Solving the Identity Crisis for AI Agents
Sr Staff Engineer
Staff Software Engineer
Head of AI Security
Introduction
Uber is at the forefront of leveraging AI, empowering engineers to build AI solutions to improve productivity. In early 2025, the company built an internal Agent platform that allows teams to compose, deploy, and operate production-grade agents at scale. Additionally, Uber’s microservices tech stack comprising thousands of services was made AI-ready by enabling MCP® (Model Context Protocol) support over existing service APIs.
Increasing agentic autonomy necessitates strict oversight of the agents and the actions they execute. Accountability, the ability to answer “who did what, when and why” is critical for auditing, compliance, and executive trust. Without clear attribution, security controls can be harder to enforce, incident response may slow, and trust may be impacted.
This blog outlines the major updates to Uber’s identity and access technology stack in 2025 to accommodate AI agents. To maintain a proactive stance as AI adoption accelerates, we also offer a glimpse into our strategic roadmap for 2026 within this technical area.

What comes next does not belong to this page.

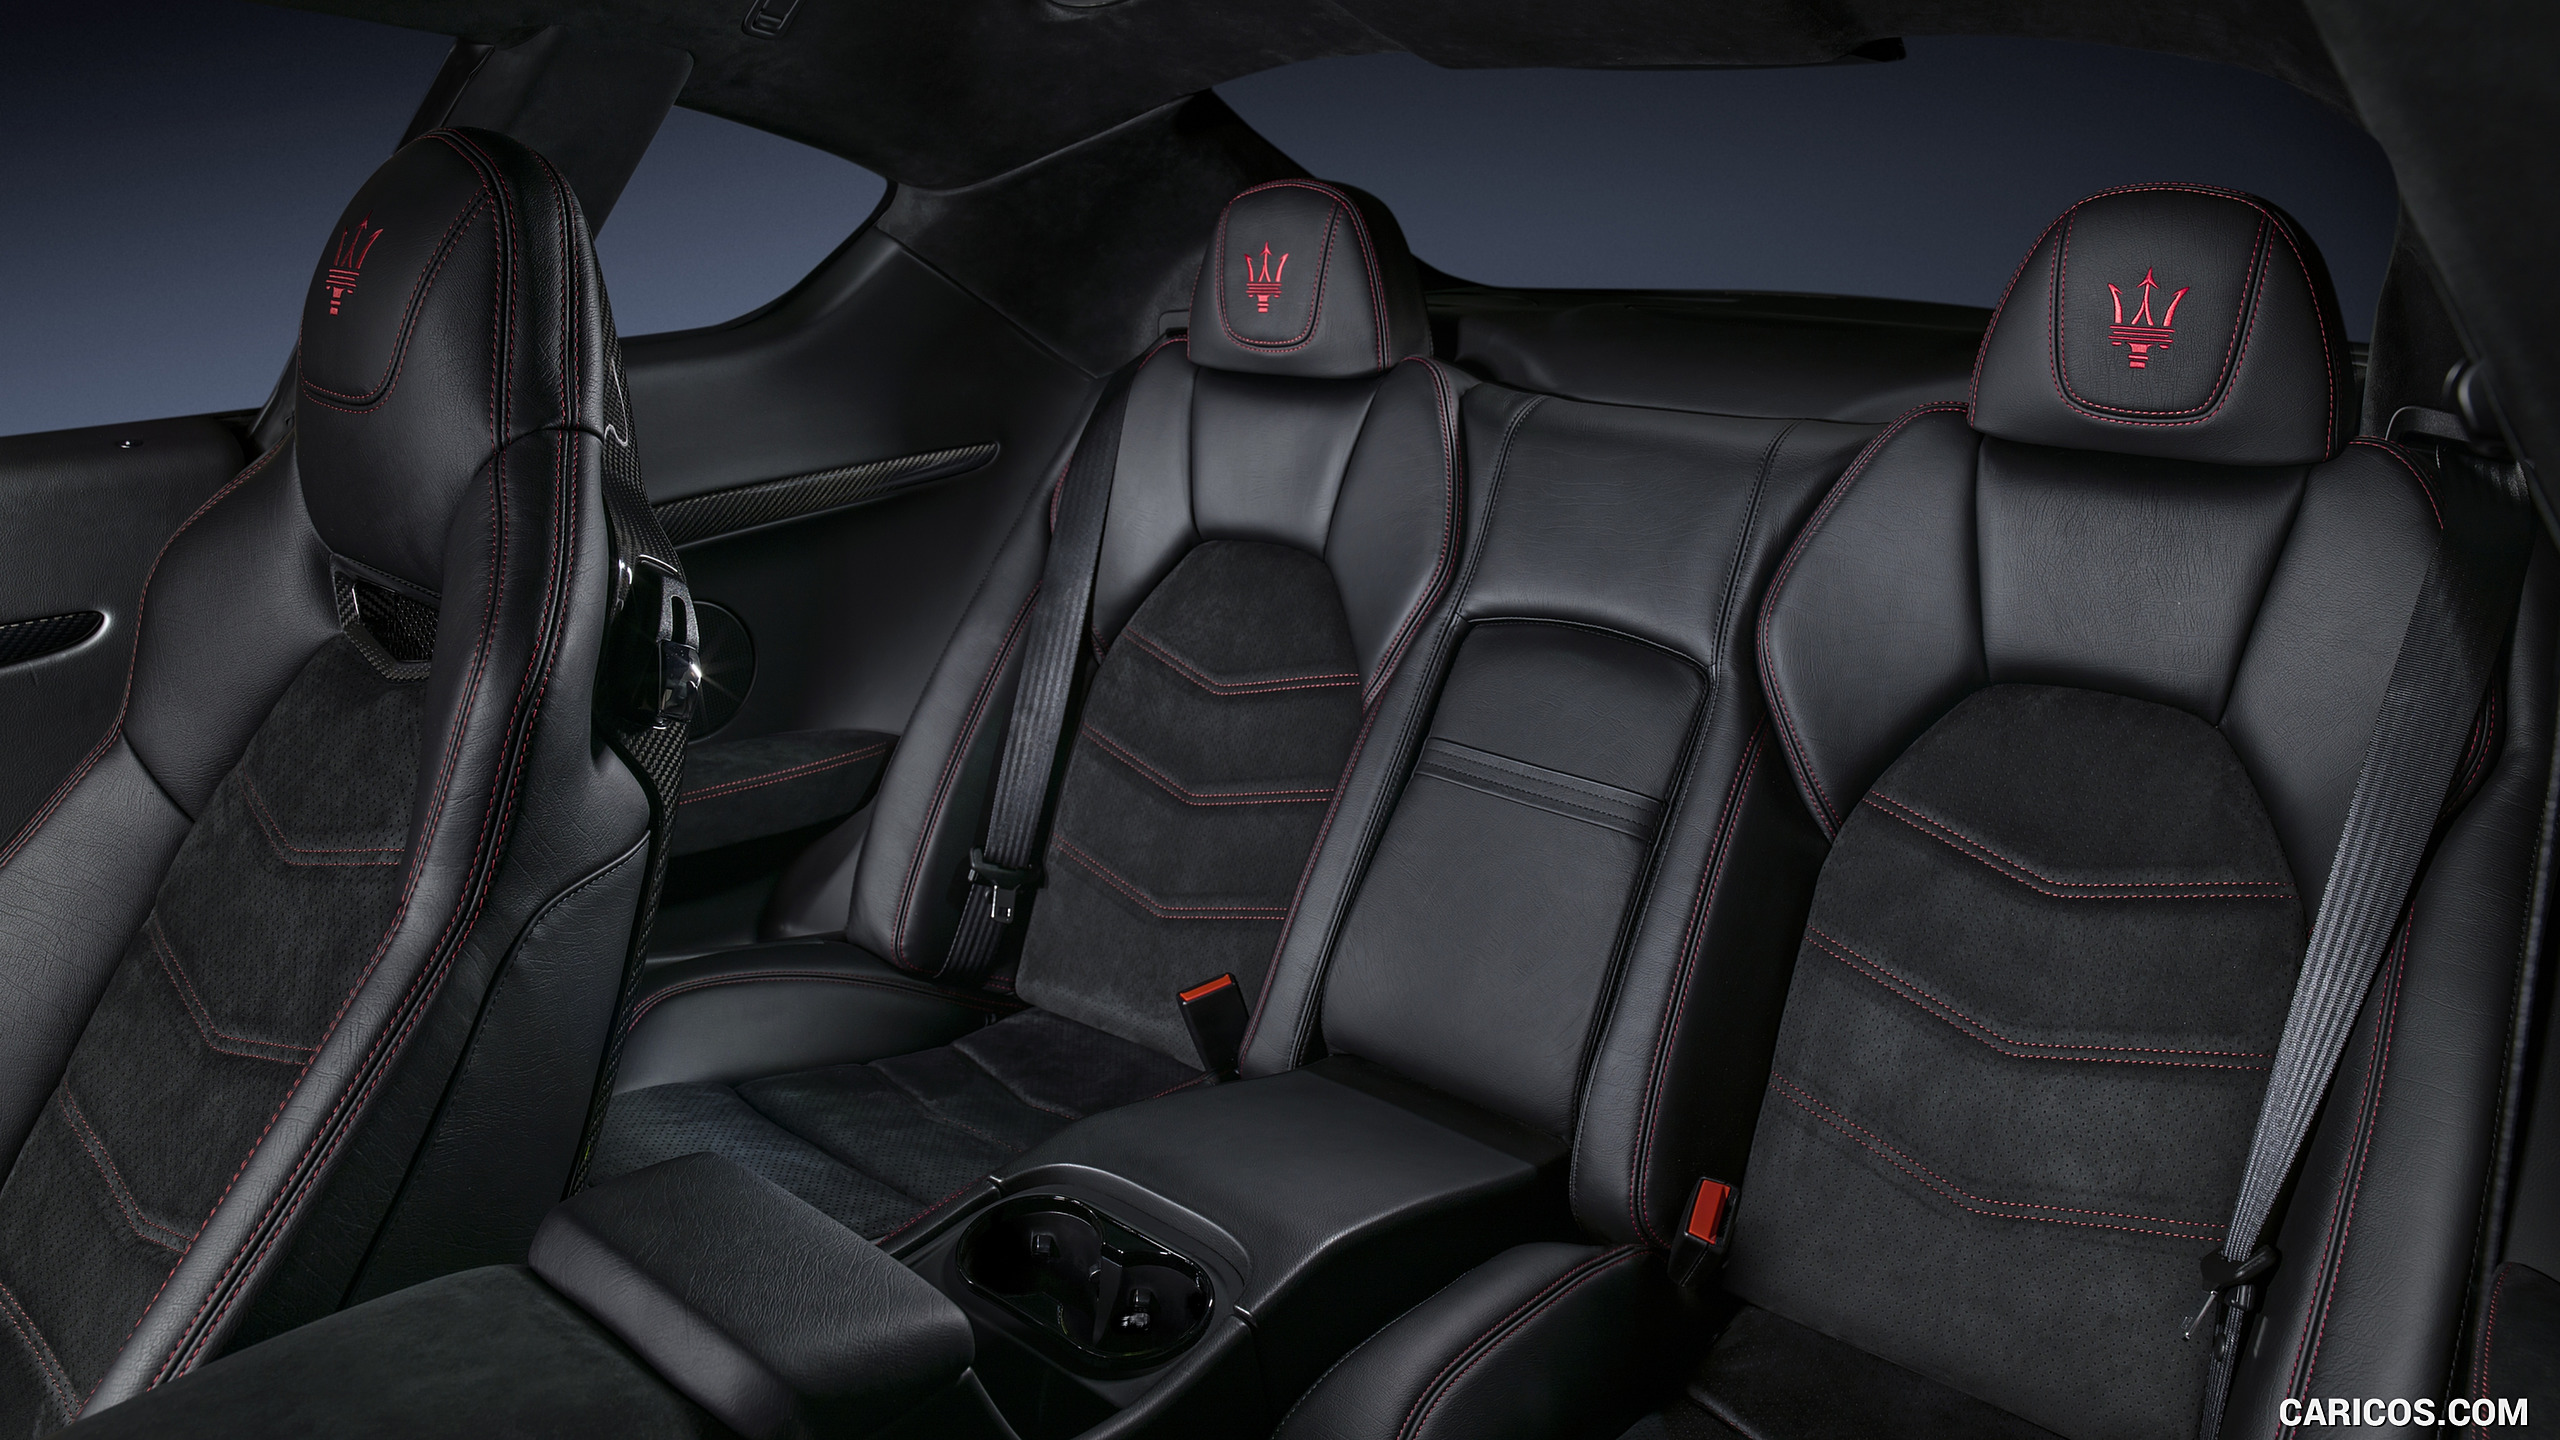 2018 Maserati GranTurismo MC Sport Line - Interior, Rear Seats, #22 of 22

The systems and approaches described reflect Uber’s internal architecture and controlled production environments. Design choices, performance characteristics, and security controls may vary across organizations, use cases, and deployment contexts.
Motivation
Imagine an on-call engineer using an Oncall Agent to manage and resolve a system alert. In this scenario, the Investigation Agent determined the system was functioning correctly and the alert itself was misconfigured. The Investigation Agent then seamlessly passed the task to the Monitoring Agent to adjust the alert's threshold through a PR (pull request). The pull request shows a Monitoring Agent introducing the change, but the identity of the on-call engineer responsible remains untraceable.
Figure 1: Agentic AI example.
As agentic workflows expand to encompass more agents, tools, and systems, this challenge becomes increasingly pronounced. We distilled this into the following two core problems.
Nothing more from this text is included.